Sunday, July 22, 2007

Sydney Declaration


The Sydney Declaration is not a declaration that we love the city. Although we do. The Sydney declaration is a wake-up call to people involved in funding, preventing and treating HIV/AIDS. A reminder that without research, we are all whistling in the dark.

Yet not one East African country has allocated the recommended 15 percent of their 2007/8 budgets to their health sectors, which includes HIV programmes. This is despite the 2005 Group of Eight (G8) most industrialised countries conference urging all governments to commit a minimum of 15 percent of their national budgets to health.

But there is progress. Uganda, Kenya and Tanzania substantially increased their spending on health, giving it at least 10 percent of their current budgets.

Now the Sydney Declaration is here at the International AIDS Society meeting. It urges all countries and donors to spend at least 10 percent of the resources allocated to HIV programmes on research.

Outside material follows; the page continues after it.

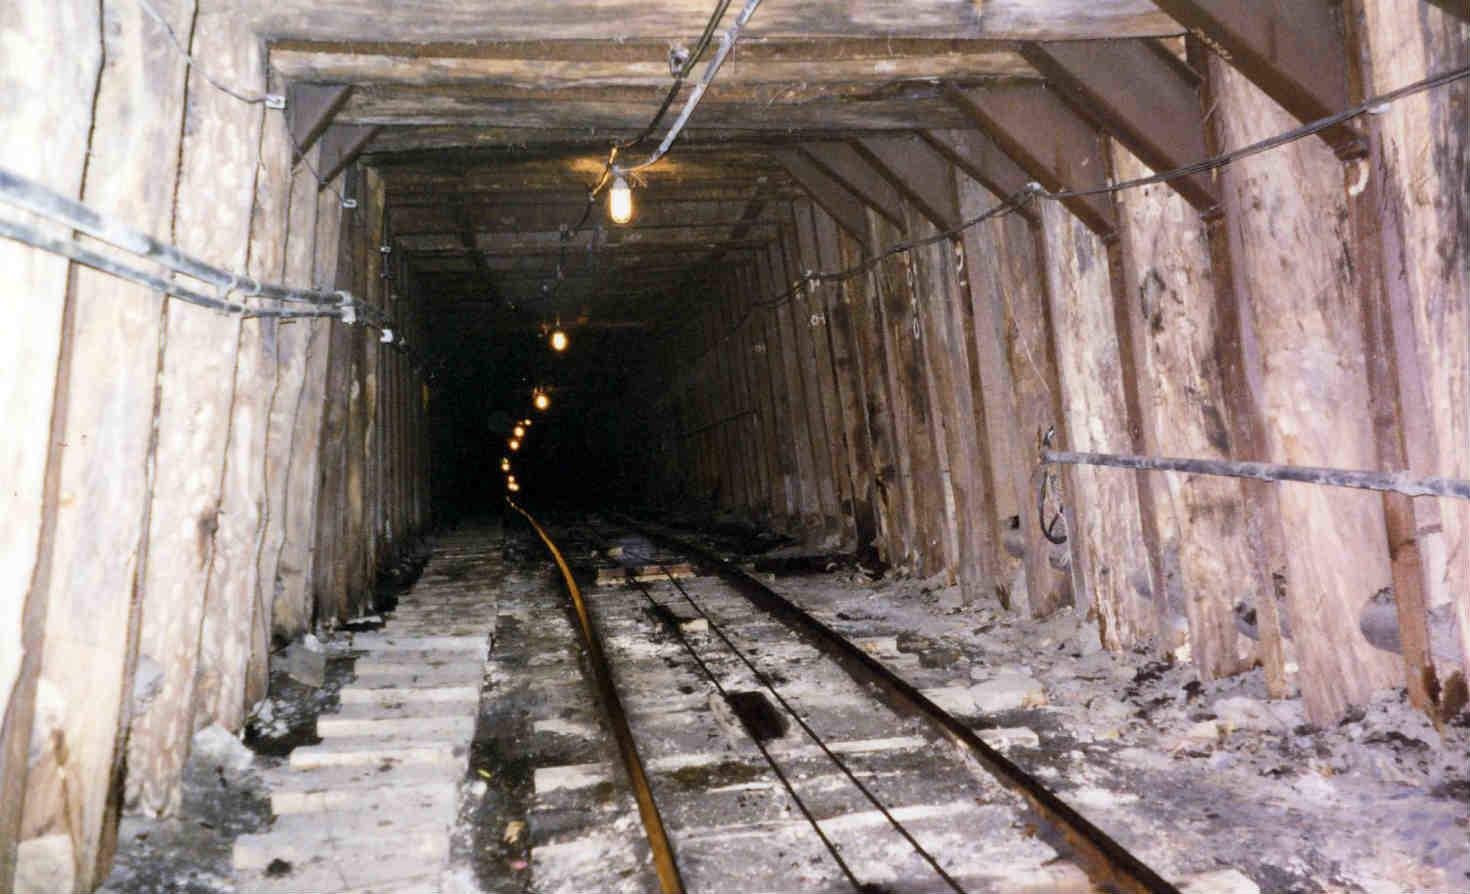 Lackawanna coal mine in Scranton, Pennsylvania
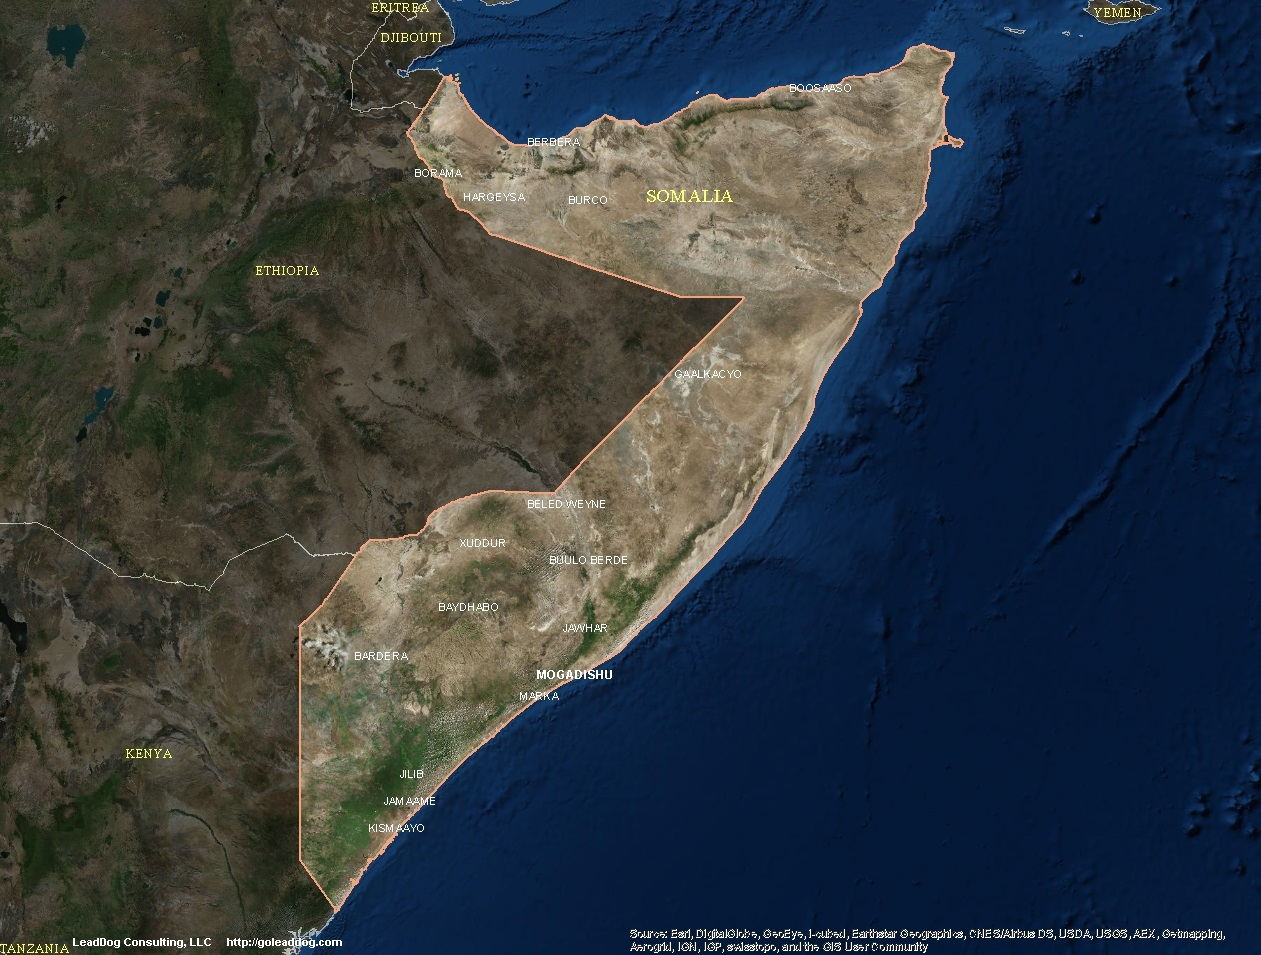 Somalia Satellite Maps | LeadDog Consulting on topo map of djibouti, political map of djibouti, sports of djibouti, detailed map of djibouti, terrain map of djibouti, outline map of djibouti, blank map of djibouti, world map of djibouti, street map of djibouti, physical map of djibouti, topographical map of djibouti,

With hardly enough resources for health in most of the developing world, this may sound like a far cry from reality. Most of these governments spend at least half of their limited HIV resources on buying drugs for HIV infected people.

But limited research is a problem when it comes to reacting to drug resistance and sustainable access to drugs.

The 4th IAS Conference on HIV Pathogenesis, Treatment and Prevention in Sydney has called for increased research to inform and strengthen the global response to HIV.

“Good research drives good policy,” says the declaration, signed by over 2000 delegates from around the world.

If the declaration is adhered to, at least $2 billion will be allocated for research next year. UNAIDS estimates that resources amounting to $22 billion will be needed for AIDS programmes in 2008. (in comparison, only $18 billion was allocated for spending this year.

But this trend is not sustainable. Scientists have to find proven ways that can be used for prevention of the disease. This can only be done through research, said Pedro Cahn, IAS president.

HIV/AIDS funding agencies must understand that good programming can only succeed on the back of solid research, said Cahn.

UNAIDS estimates that at least half of the 60 million people that will be infected by 2010 could have been avoided with the use of effective research-proven approaches like male circumcision, constant condom use, microbicides and vaccines.

An effective response to HIV/AIDS requires sustained commitment and continuous improvement.

For example, as current first-line antiretroviral regimens become increasingly available in resource-limited settings, there is an urgent need to identify their successors: optimum, durable, and well-tolerated standardised first-line and second-line regimens. We need to monitor and respond to resistance patterns as they emerge. Outcomes will not necessarily be the same in diverse settings across the globe.

IAS is hosted by in partnership with the Australasian Society for HIV Medicine (ASHM). Esther Nakkazi, who wrote this report, is a Uganda-based correspondent for the East African weekly and is a member of the World Federation of Science Journalists.